For this activity, you will explore how BERT ranks male and female-associated pronouns when they are masked out in a sentence following the structure "[PRONOUN] is a [MAJOR NAME] major.". As a class, we’ll work together to fill out this spreadsheet. The spreadsheet contains all of the majors at Middlebury, and associated prompts such as "[MASK] is an american studies major.". I’ve filled out the first row as an example.

Please “claim” a major on this spreadsheet by putting you and your partner’s names in the Column A next to that major. Then, copy the prompt from the Column C into the textbox in the “inference API” on this website to use the BERT inference model. You will see the scores of five tokens in order. Copy the probabilities associated with "he" and "she" to the corresponding columns (D/E) in the spreadhseet. If either (or both) of the "he" or "she" tokens are not in the top 5, that’s OK - just put 0 in the P(he) and/or P(she) columns in the spreadsheet.

In the ACTIVITY 4 comment at the end of the lab, please write the name of the major that your group members experimented with.

If a large number of students work alone due to the break, we might run out of majors. If you find that there are no majors available in the spreadsheet when you are completing this activity, please choose one of Middlebury’s minors that is not a major and write your full results (the minor that you chose and the probabilities of both "he" and "she") in the ACTIVITY 4 area of the lab assignment.

Activity 5

Discuss what you have observed in this assignment with your partner. The plot shows that there is a clear relationship between the cosine similarities between professions and male/female-associate words and the percentage of female workers in the profession. Additionally, as the spreadsheet for BERT is filled out, I suspect that we will see a similar relationship between the probabilities of male and female pronouns and the percentage of female students in each major at Middlebury.2

Answer the following questions at the end of the lab in the comment labeled “ACTIVITY 5”:

  1. One word that might be used to describe these word representations is “biased”. Can you think of automated systems in which it would be harmful to society to use these representations of words?
  2. Can you think of any situations in which the fact that these word representations are biased might be an asset?
  3. If you use tools like ChatGPT, will this change how you use those tools? If you don’t, does this change your likelihood to use the tools, or the tasks that you might consider using them for?

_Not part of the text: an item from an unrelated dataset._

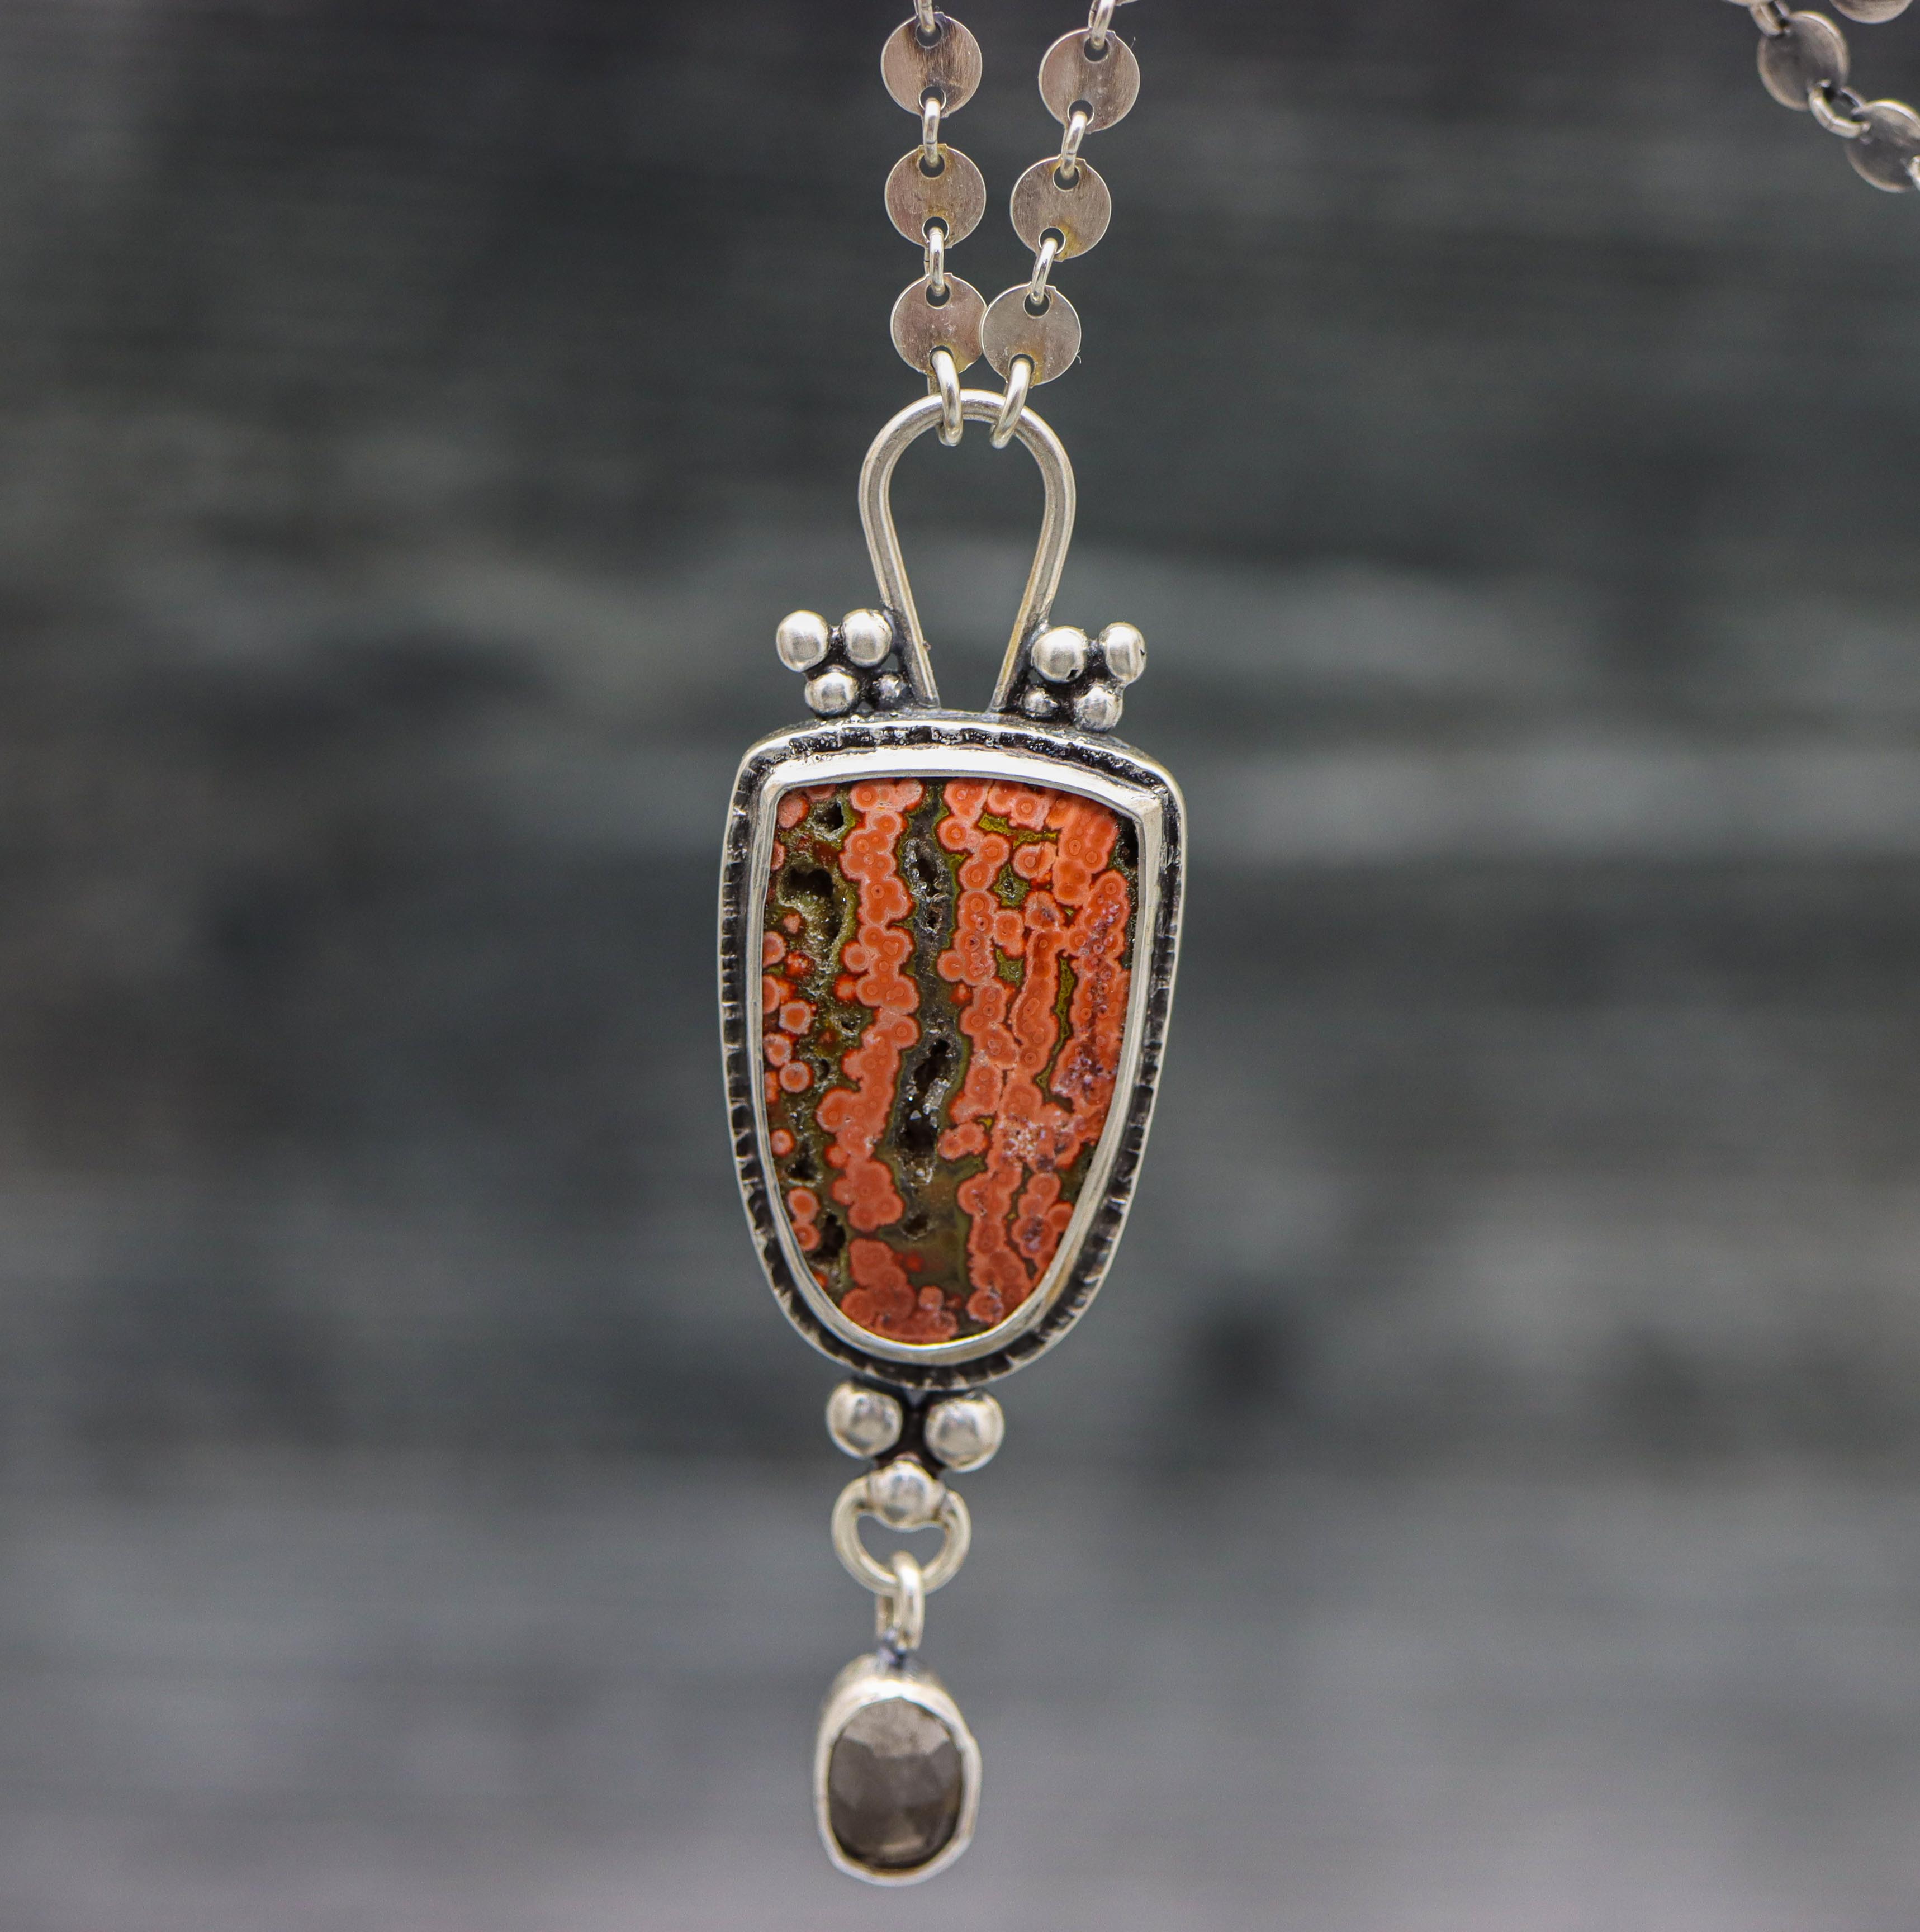 Orbicual Jasper and Agni Manitite Pendant Sterling Silver One Of a Kind Gemstone Necklace
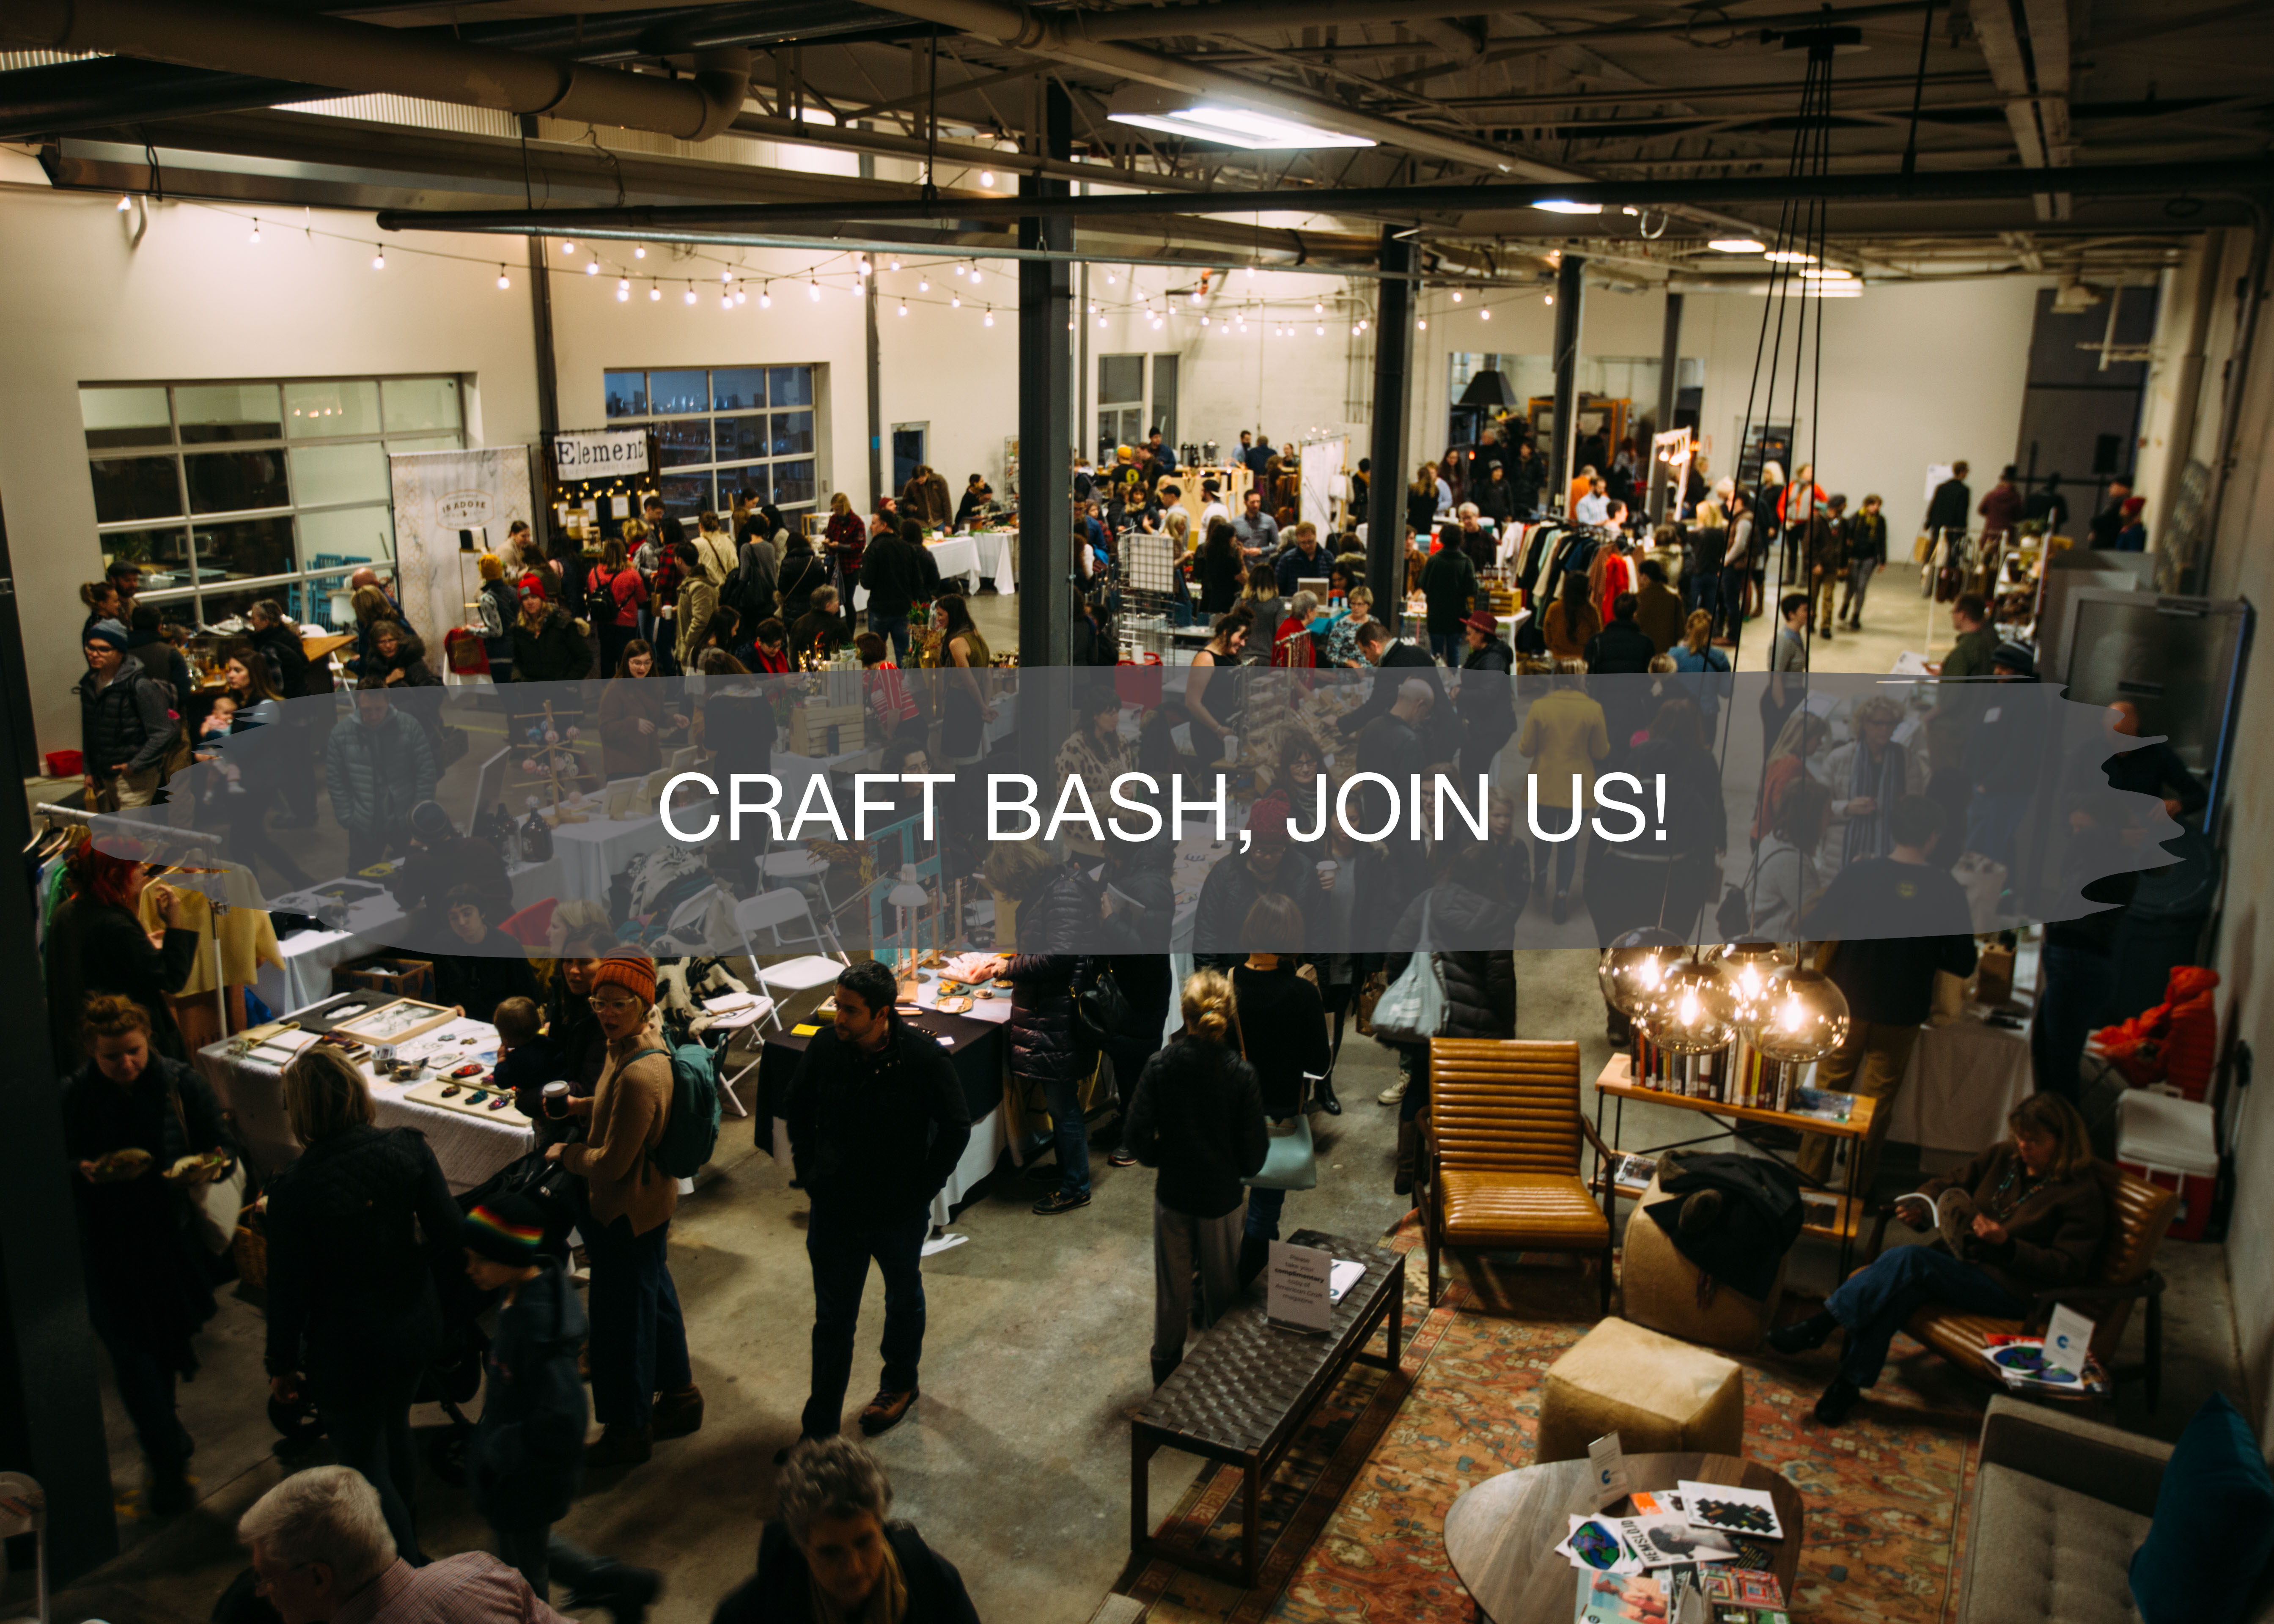 Craft Bash with American Craft Council, Join us! 1

Please write at least one full sentence for each question.

If you need further inspiration or just want to think more about this topic, consider skimming any of these articles:

Submitting

Submit lab9.py and bias.png on gradescope. Activities 1/2 are autograded, while the rest of the activities are graded manually.

  1. Not multi-level marketing. 

  2. This is only a hypothesis! I’ll see if there is a way to actually get this data to check.